On 16 June 2022 at 2:58 pm Dirty Harry said:
They might use that term.
I still won't use them.

In fact, I've never seen a good enough reason for why there are 4 DRSs in the first place.
On 17 June 2022 at 12:18 pm Murray Weatherston said:
The reason that there are 4 EDRS schemes is because the law allows it - ie the law does not say that there shall be a single DRS.
The fact that all 4 schemes continue to exist sustainably shows that the market works. Otherwise one or more scheme would have lost members to others and/or the public would be outraged that one or more schemes was making soft decisions in favour of advisers.
Its only in government and the bureaucracy that the mantra is "if it ain't broke, regulate!"
On 21 June 2022 at 9:45 am Mr Slater said:
As the aim is to not confuse consumers and as there is already a Financial Services Ombudsman, I wonder what name FSCL will now give itself?

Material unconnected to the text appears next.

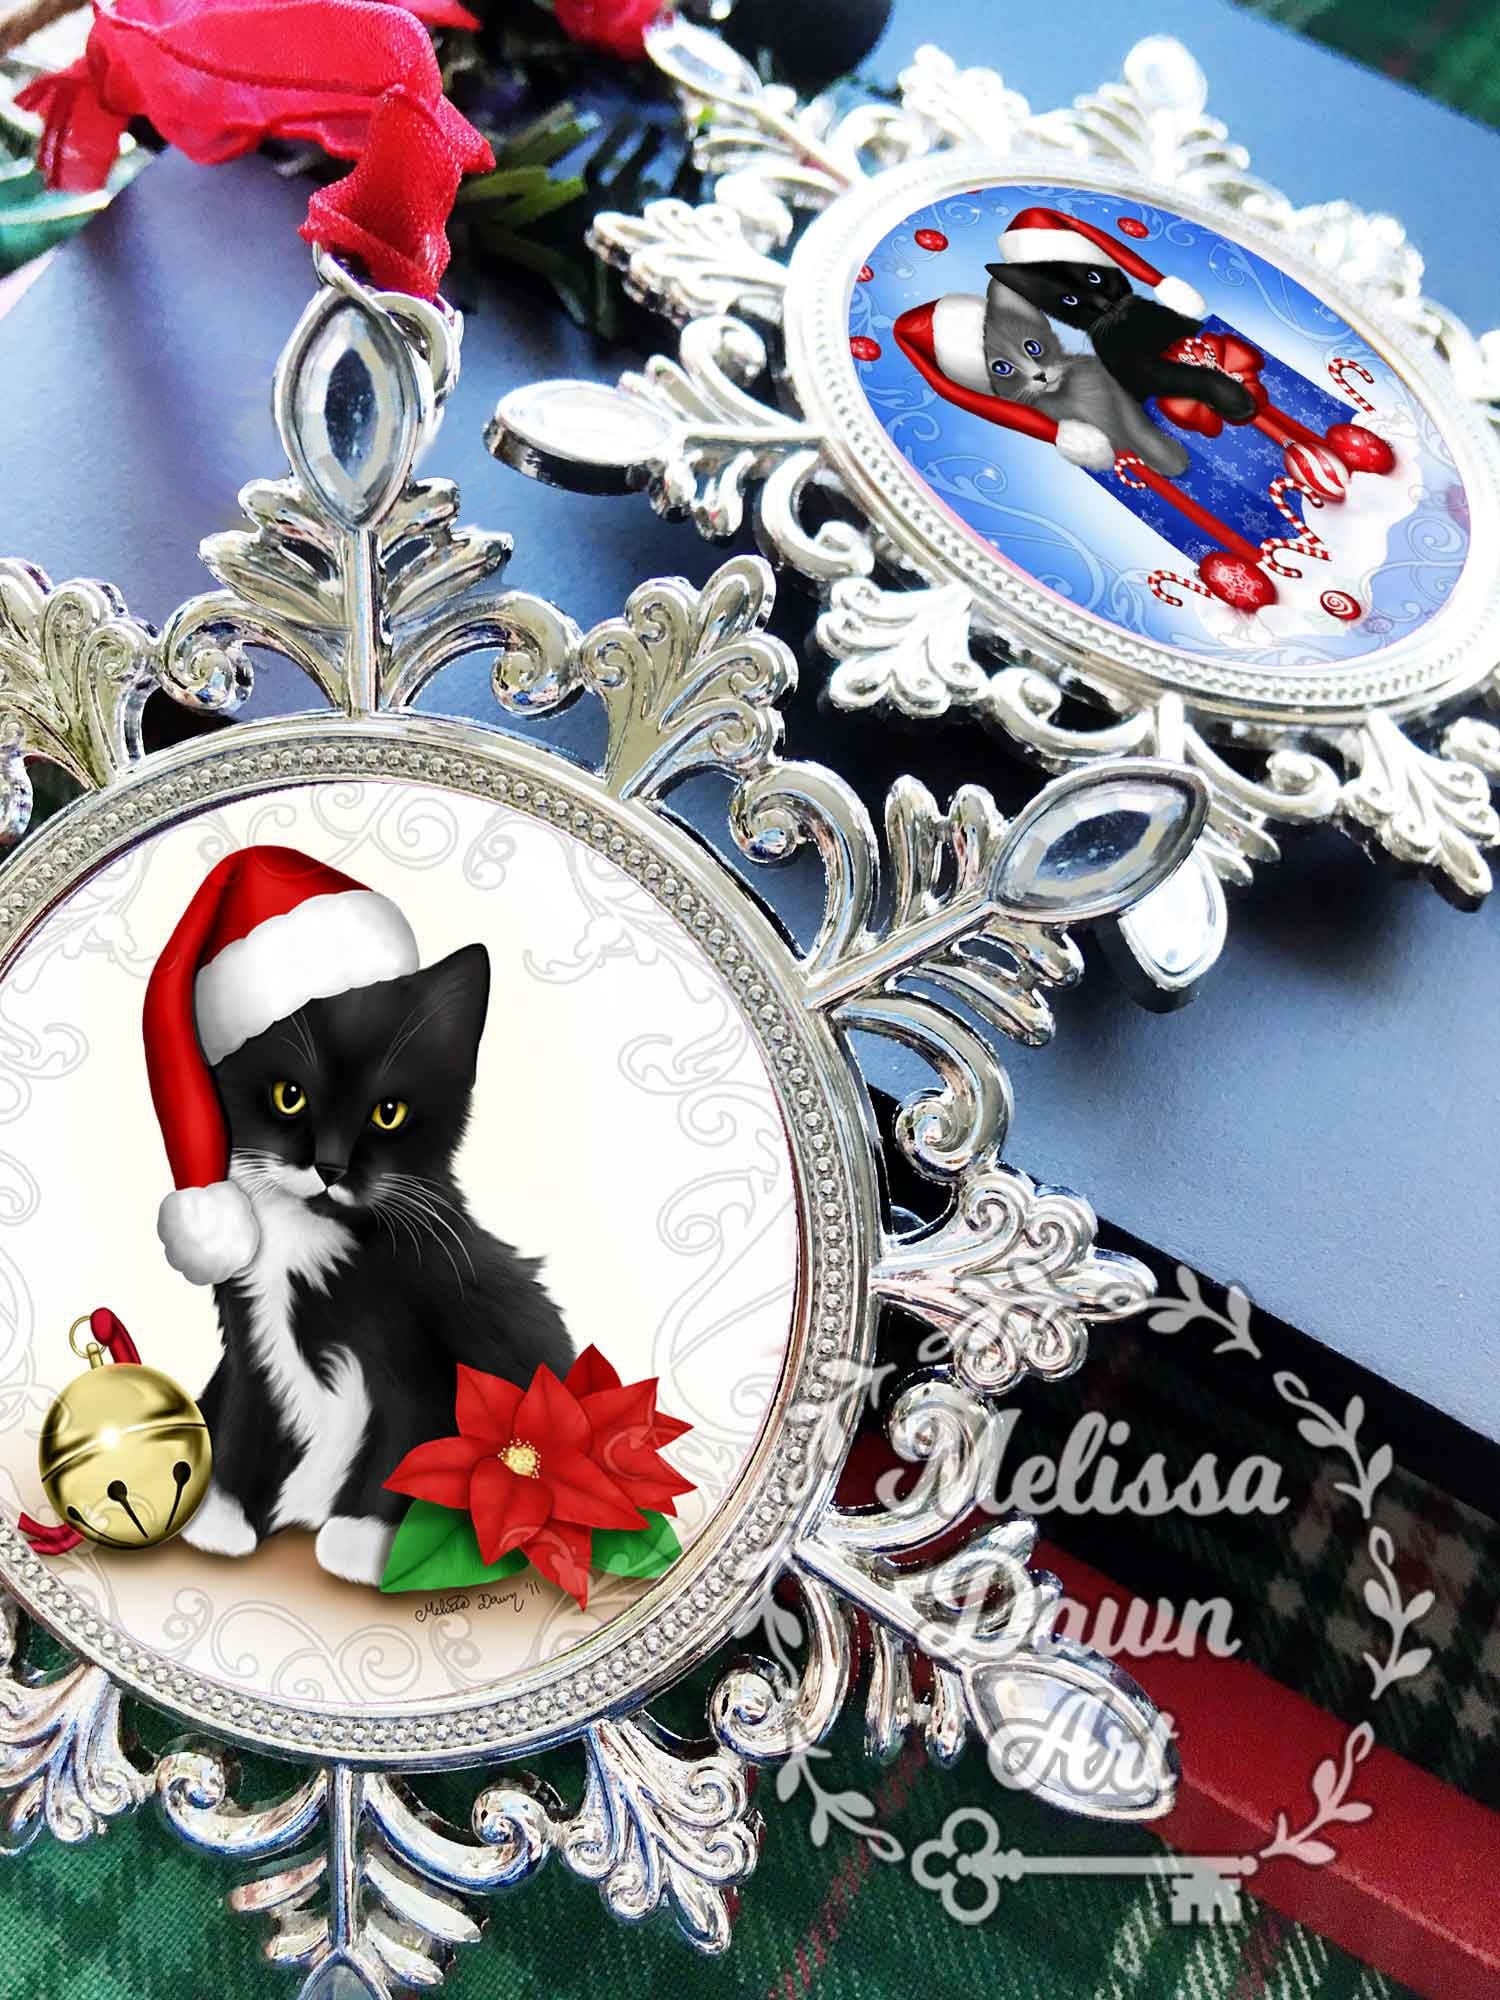 Personalized Cat Ornament / Black Cat Ornament / Custom Cat Ornament / Cat Christmas Ornament / Santa Cat / Black Cat in Santa Hat

Perhaps it could run a competition for its members to see what they think it should be called?
On 21 June 2022 at 2:33 pm Murray Weatherston said:
Isn't Karen Stevens the Insurance & Financial Services Ombudsman (IFSO).
Who really cares what name FSCL comes up with for their Ombudsman?
On 22 June 2022 at 1:59 pm Murray Weatherston said:
Re Dirty harry's comment about 4 DRS.

I've just had occasion to look at the 2021 Annual report of the Banking Ombudsman.

Looks like they have only 19 members - 17 banks, a building society and a credit union.

Of the 116 disputes found to be in jurisdiction, customers won outright 12 times , the member won outright 65 times and the result a partial win for both parties was 39 times.

BOS is not a DRS with a large number of members.
On 23 June 2022 at 12:49 pm Dirty Harry said:
Still yet to see a good reason for BoS + 3

because "the law allows it", is not one.
Why does it?
Why on earth should there be a "competitive market" for us to choose a DRS? On what basis should they compete? I assume the intent was price - to be as low cost and efficient as possible.
That's well and good. But what if they compete on being "the best to deal with" (soft) for advisers?
What if they discover their assumptions in their business plans are incorrect and they go out and seek to "educate" consumers about their rights - AKA soliciting complaints.
What if they decide the name thing is really important for branding/competing and end up spending megabucks in pursuit of that?
And we end up with a situation akin to driving around Napier looking for a supermarket.

At the very least three sets of management and compliance is never as efficient as one. The fact the the 3 exist and pay all their bills doesn't prove to me that the market works, it proves the whole DRS thing costs far too much to run.

I would rather one scheme, run as a non-profit, with suitable people running it for the interests of all.